Apple Projects Lift Nearby Rental REIT, Multifamily Markets

The tech giant’s $1-billion R&D campuses are a boon for owners of rental properties, residential REITs and multifamily markets in the Raleigh-Durham and Austin metros.

Apple’s new R&D campuses in Research Triangle, NC and Austin, TX—inaugural projects of the tech giant’s five-year plan to invest $430 billion in the US—are lifting markets for rental properties and residential REITs in the Raleigh-Durham and Austin regions. 

The projects also are accelerating the growth of multifamily markets in the two metros, which in 2021 were among the top 20 multifamily markets in the US.

Apple’s East Coast campus in Research Triangle, announced in June, will employ 3,000 high-tech workers in machine learning, artificial intelligence and software engineering. The Austin campus will open this year with an in-office workforce of 5,000. Overall, Apple’s $430-billion expansion in the US is expected to generate up to 20,000 new jobs.

Access to Research Triangle’s growing cluster of research facilities played a role in Harbor Group International’s recent $475-million acquisition of Dasmen Residential LLC’s workforce housing portfolio, which includes more than 2,000 housing units in nearby Raleigh-Durham. The acquisition will increase HGI’s North Carolina portfolio to about 5,000 apartments.

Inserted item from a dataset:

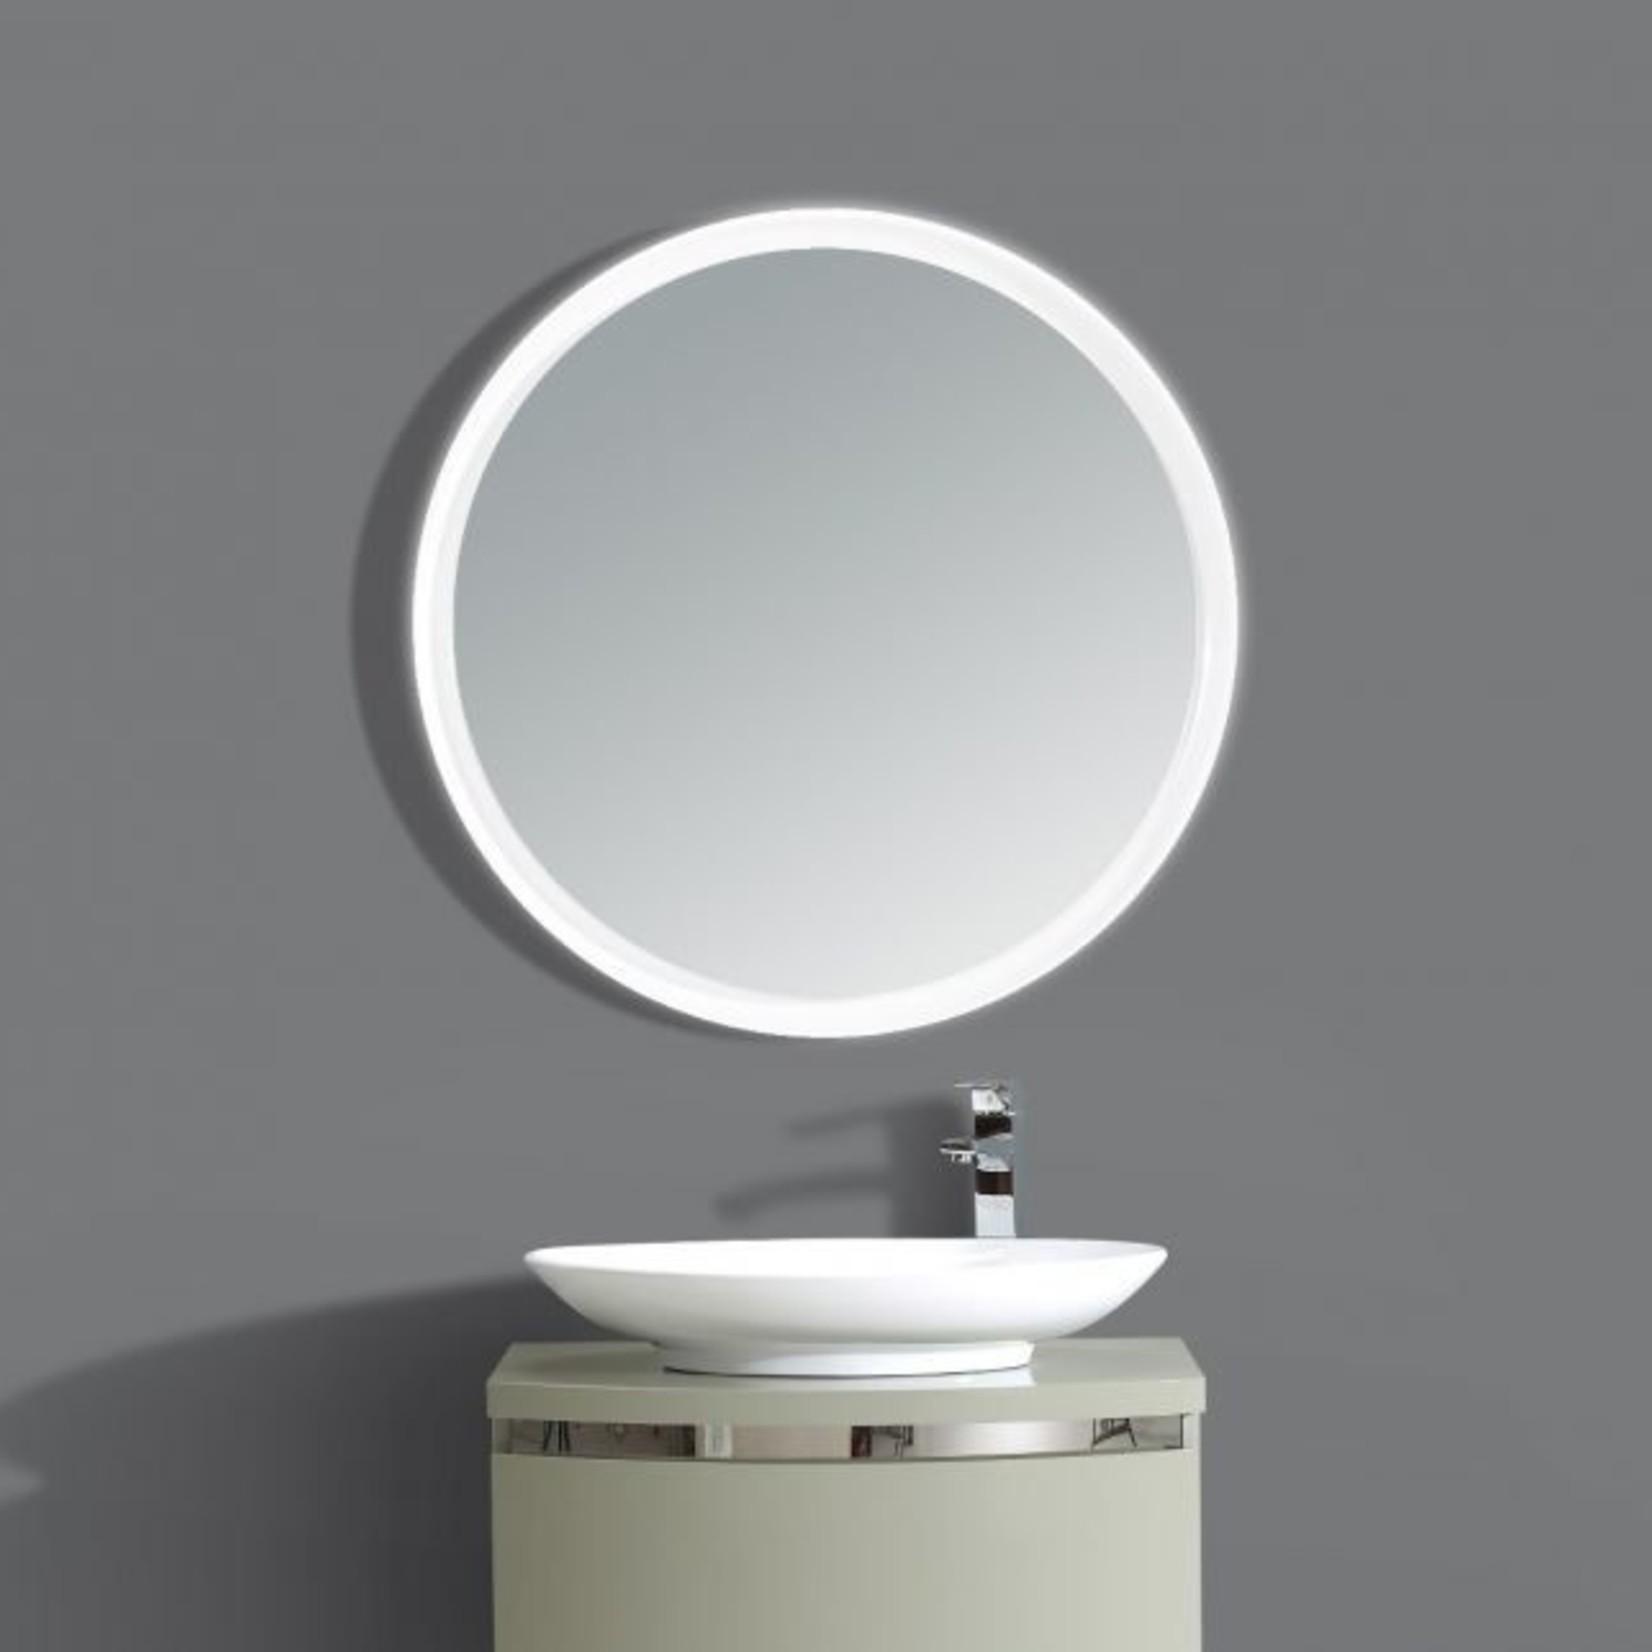 Miroir au led 31'' Aries Ove
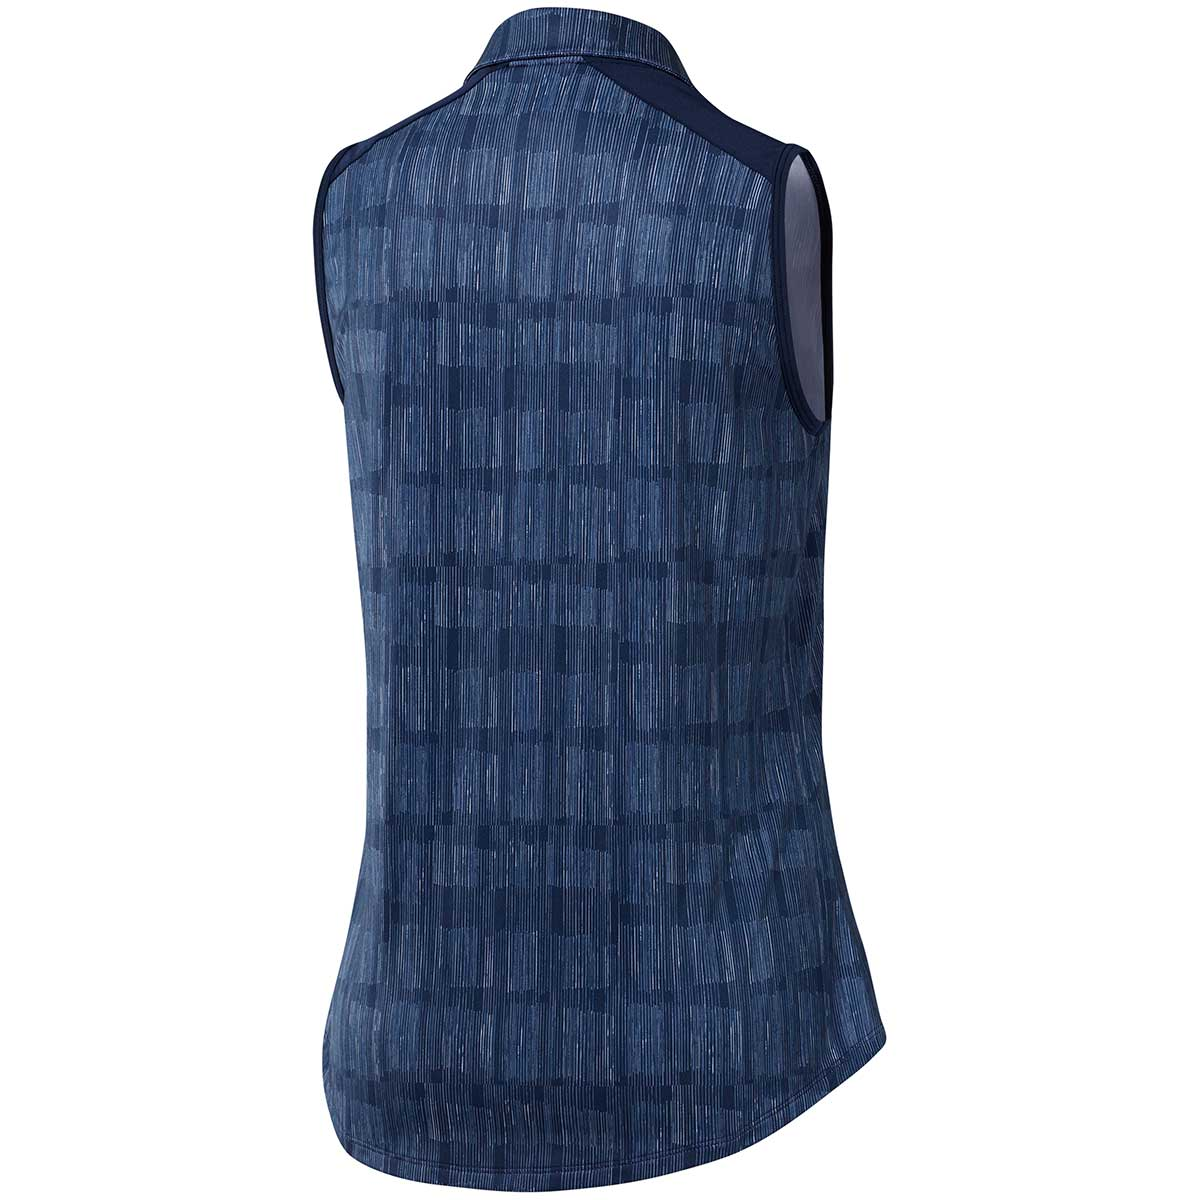 Adidas Women's Ultimate365 Sleeveless Polo Shirt - Night Indigo

“The Research Triangle is an important target market for HGI as we seek to acquire well-located communities in high-growth markets,” said Richard Litton, president of HGI. “As the area’s high-paying STEM jobs continue to attract new residents, we see opportunity to leverage our expertise in owning and operate similar communities in the region to generate rent growth and increasing demand for housing.”

Residential REITs expanding their footprint in Raleigh-Durham and Austin include Camden Property Trust, which operates 171 properties in the US, and Mid-America Apartment Communities. The Apple campuses are expected to create higher occupancy and rental rates at existing properties and more demand for development projects under construction that will soon cut the ribbon.

Office REITs also may get a lift from Apple’s campuses as suppliers and partners are drawn to Austin and Raleigh-Durham. Highwoods Properties, which gets more than 20 percent of its NOI from Raleigh, has available sites for an estimated 1.2 million sf of additional office space. Cousins Properties, which generates nearly a third of its NOI from Austin, has two development projects under construction in the Texas capital.

The thriving tech hubs in Raleigh-Durham and Austin are fueling regional growth in multifamily investments. A new report from CBRE and Real Capital Analytics measuring the top 20 US markets for multifamily in 2021 ranks Austin as the nation’s tenth-largest market, with $9.55 billion in investments; Raleigh-Durham came in at No. 13, with investments totaling $6.2 billion.

Multifamily investment surged by more than 30 percent in the Southeast in 2021, the highest of any region in the US, according to a report from Newmark. Multifamily investment in the Southeast totaled more than $103 billion, Newmark said.

In the past year, Apple opened office space in Seattle for 1,000 employees and began an expansion of its Culver City, CA campus, where it expects to employ more than 3,000 tech workers by 2026. Apple also is expanding its workforce in Boulder, CO and Boston.